You can also accept numeric input, like telephone numbers using built-in slot types on Alexa like AMAZON.PhoneNumber.
DialogFlow has the same concept but refers to it at Entities. You can define list-type entities with synonyms just as you can define Slot Types in the Alexa console, including its own set of built-in system entity types, like @sys.phone-number.
Summary
This is just a start and an introduction to modeling voice interaction for your voice application.
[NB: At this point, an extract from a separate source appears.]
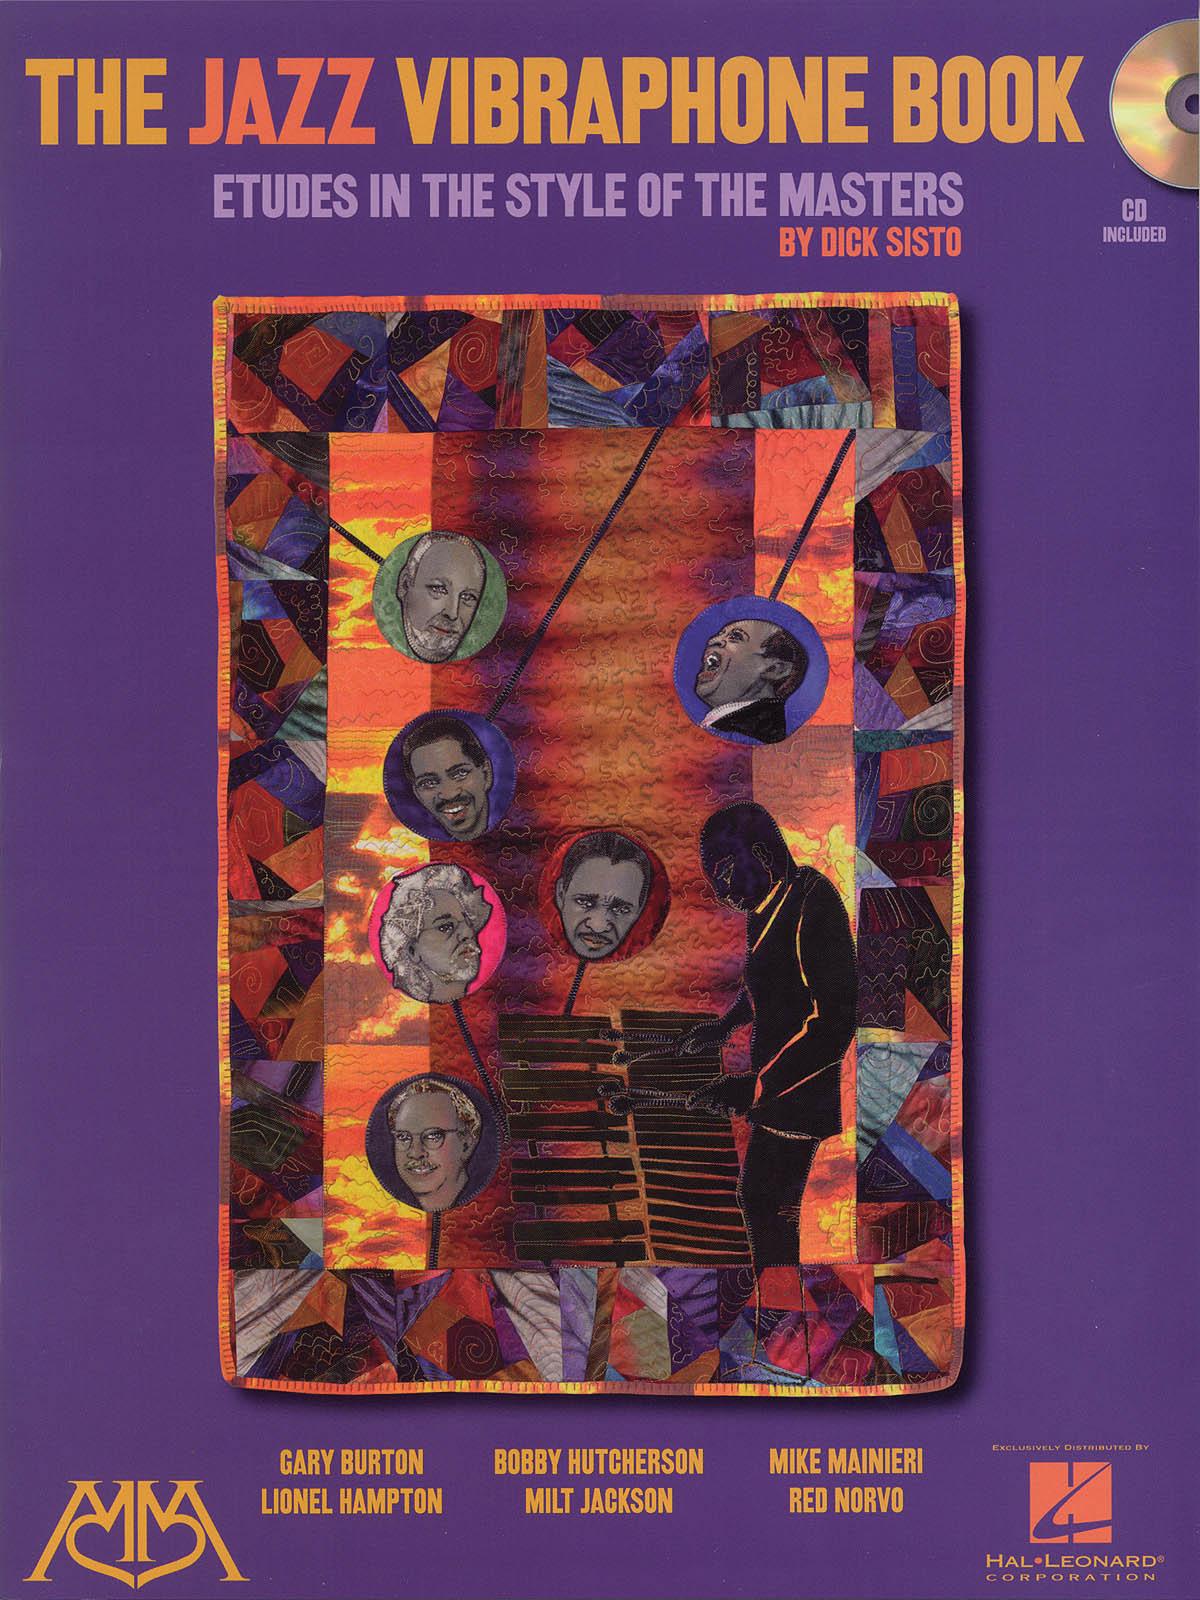 The Jazz Vibraphone Book: Vibraphone: Instrumental Album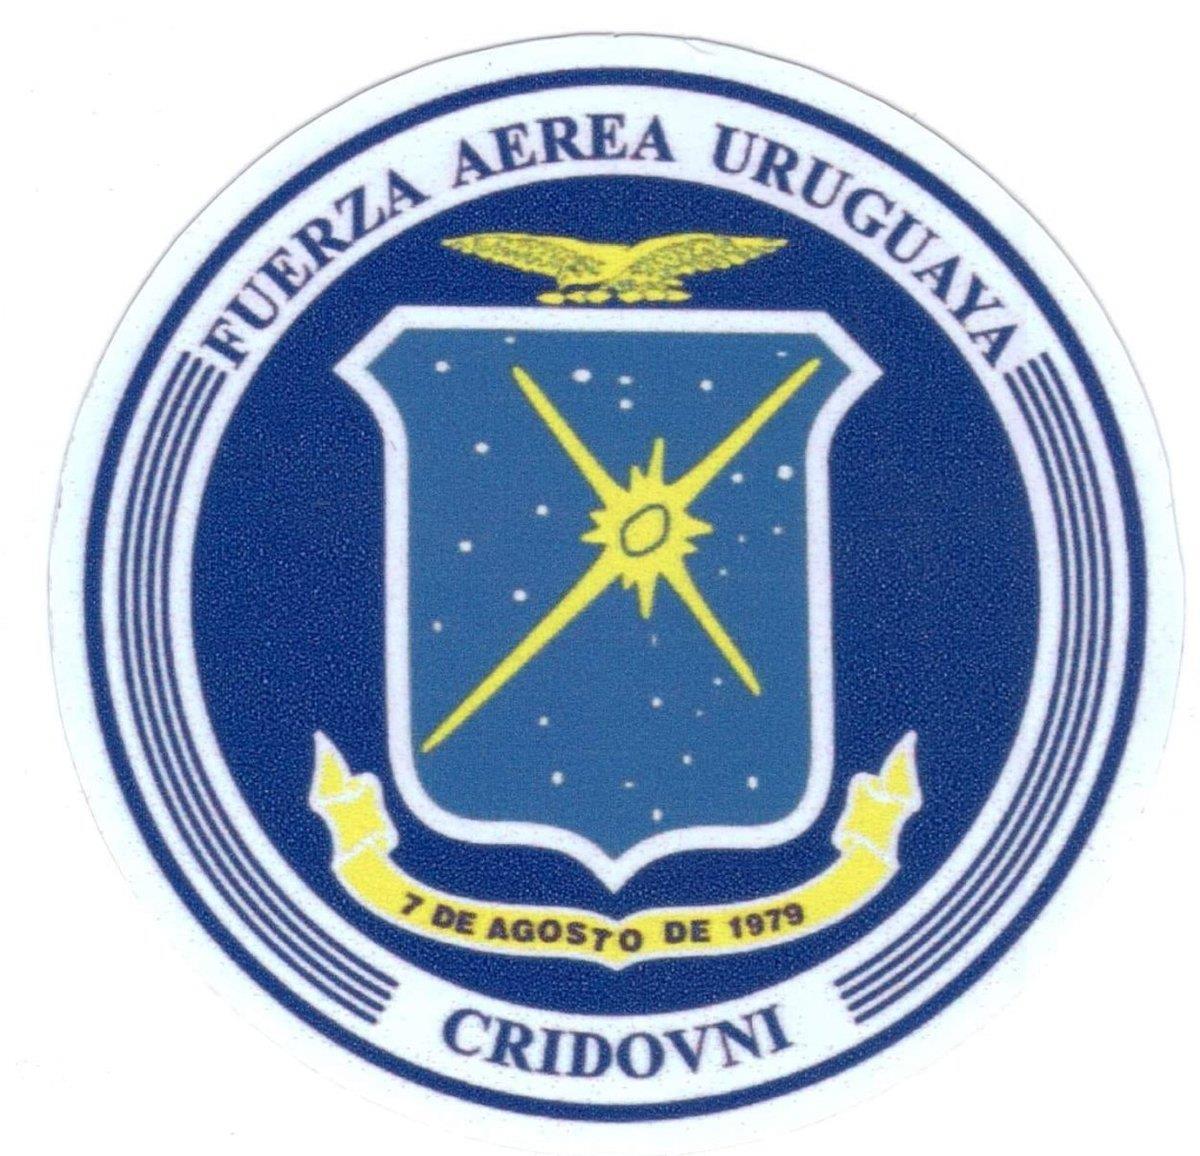 Comisión Receptora e Investigadora de Denuncias de Objetos Voladores No Identificados (CRIDOVNI)

Once you have the first version of the iteration model, you should test it with users who have no instructions on how to use your skill. This is a good test to determine if your voice applications responses are natural and intuitive. You can also submit it for use by beta testers on both the Alexa console and the Google Action console.
The Alexa console does not report the text of a user's request. If you are in production and find that the AMAZON.FallbackIntent is being invoked often, there is no way to determine what users are saying. DialogFlow, on the other hand, does report requests that were mapped to the Default Fallback Intent.
As of the time of this writing, Amazon released the AWS Certified Alexa Skill Builder exam to beta. I took it on Jan. 7 and can confirm that you need to know how to configure invocation names, intents, and slot types.